This talk underlines the importance of distributed tracing in microservices, reveals the need for standardization of tracing instrumentation, and explains how the OpenTracing project addresses that need. We will showcase OpenTracing’s set of consistent, expressive, explicitly vendor-neutral tracing APIs with working examples using python gRPC, Flask, and possibly other frameworks if time allows. Abstract Microservice architectures offer many benefits but are notoriously difficult to observe or debug, especially as transactions inevitably cross process boundaries. I focused on this problem at Google and built Dapper, Google’s production distributed tracing system. I learned from Dapper’s design eccentricities that—in order to facilitate ubiquitous, transparent distributed tracing in OSS-heavy applications—as an industry we must find a way to make open-source software components interoperate from a tracing standpoint.

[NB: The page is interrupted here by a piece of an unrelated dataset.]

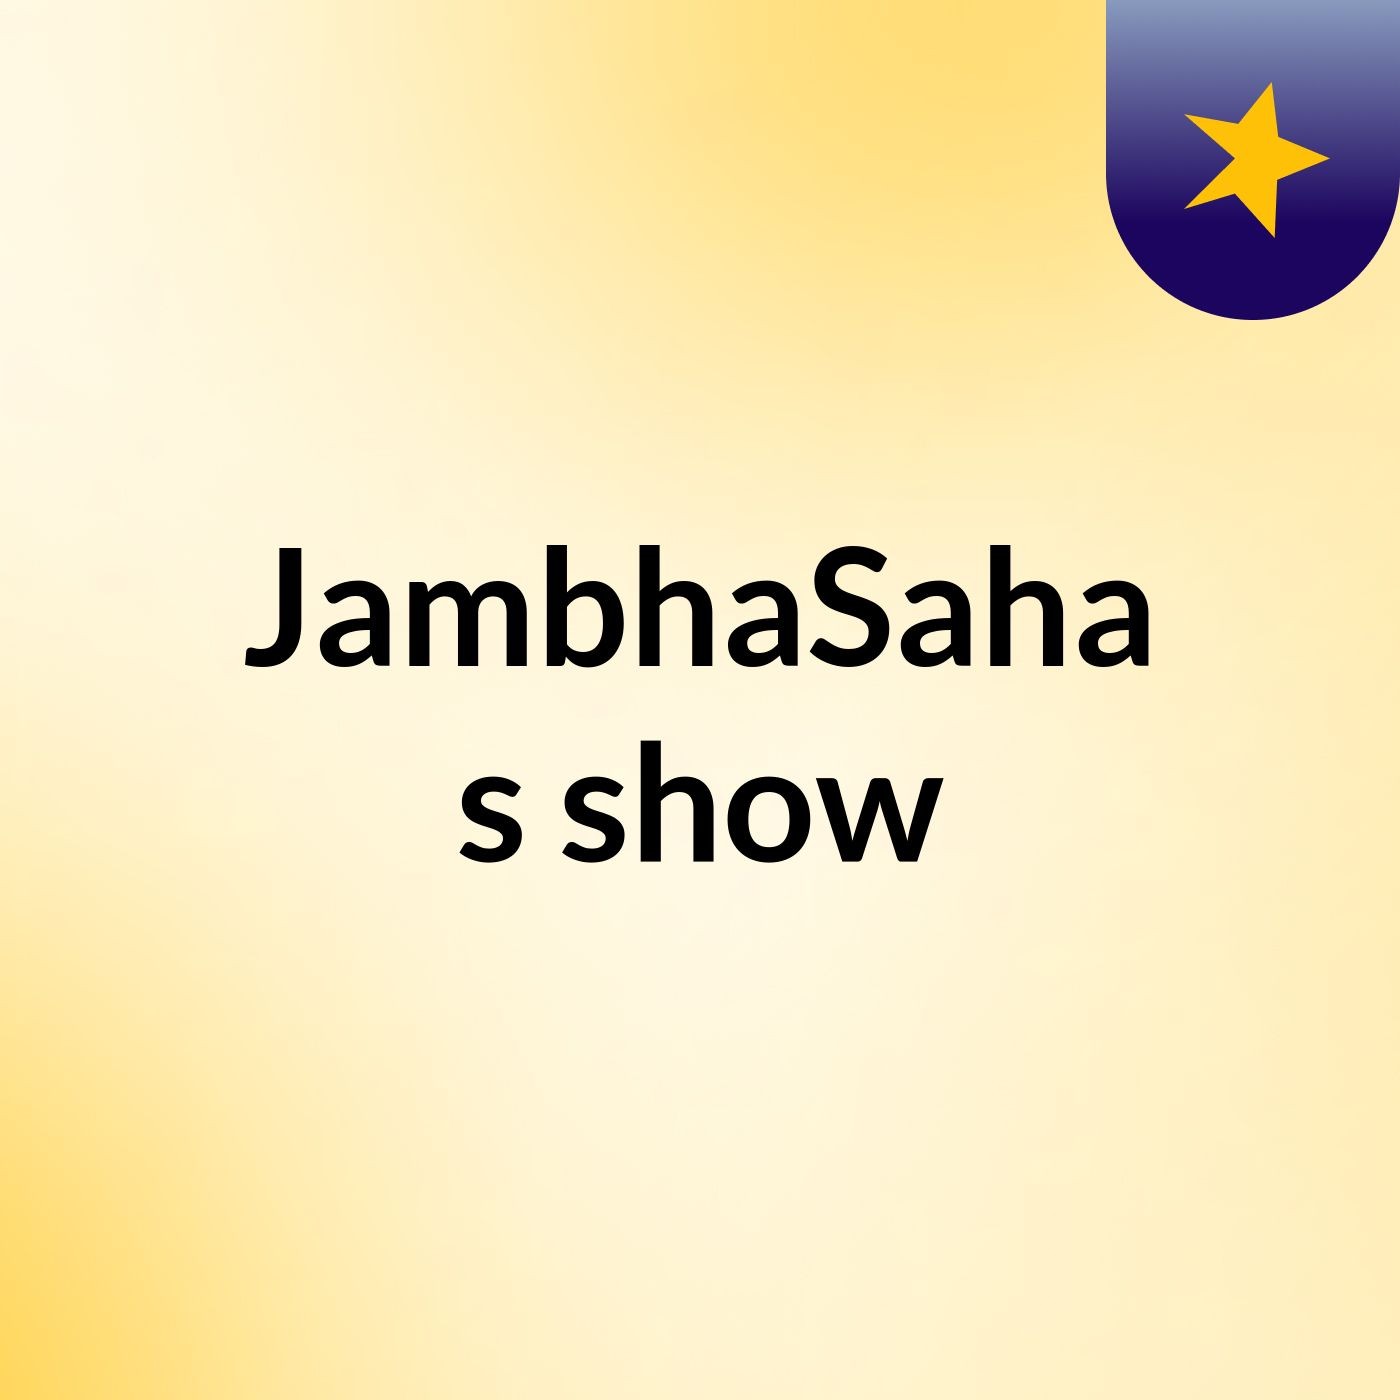 JambhaSaha's show

This need for standardized tracing instrumentation across open source brings us to OpenTracing. By offering consistent, expressive, vendor-neutral, open-source APIs for popular platforms, OpenTracing provides a semantic and syntactic standard for distributed tracing instrumentation, allowing developers to add (or switch) tracing implementations with an O(1) configuration change.
I will explain OpenTracing’s data model and the motivations behind it, describe how it generalizes across tracing systems and instrumentation languages (with a focus on Python), and show demos of how it integrates with frameworks (like Flask and gRPC) and applications. We will then cover the “hello world” of tracing: creating and linking traces that traverse process boundaries. Finally, I’ll share what’s in store for the rest of 2016 and 2017 and talk about ways to get involved.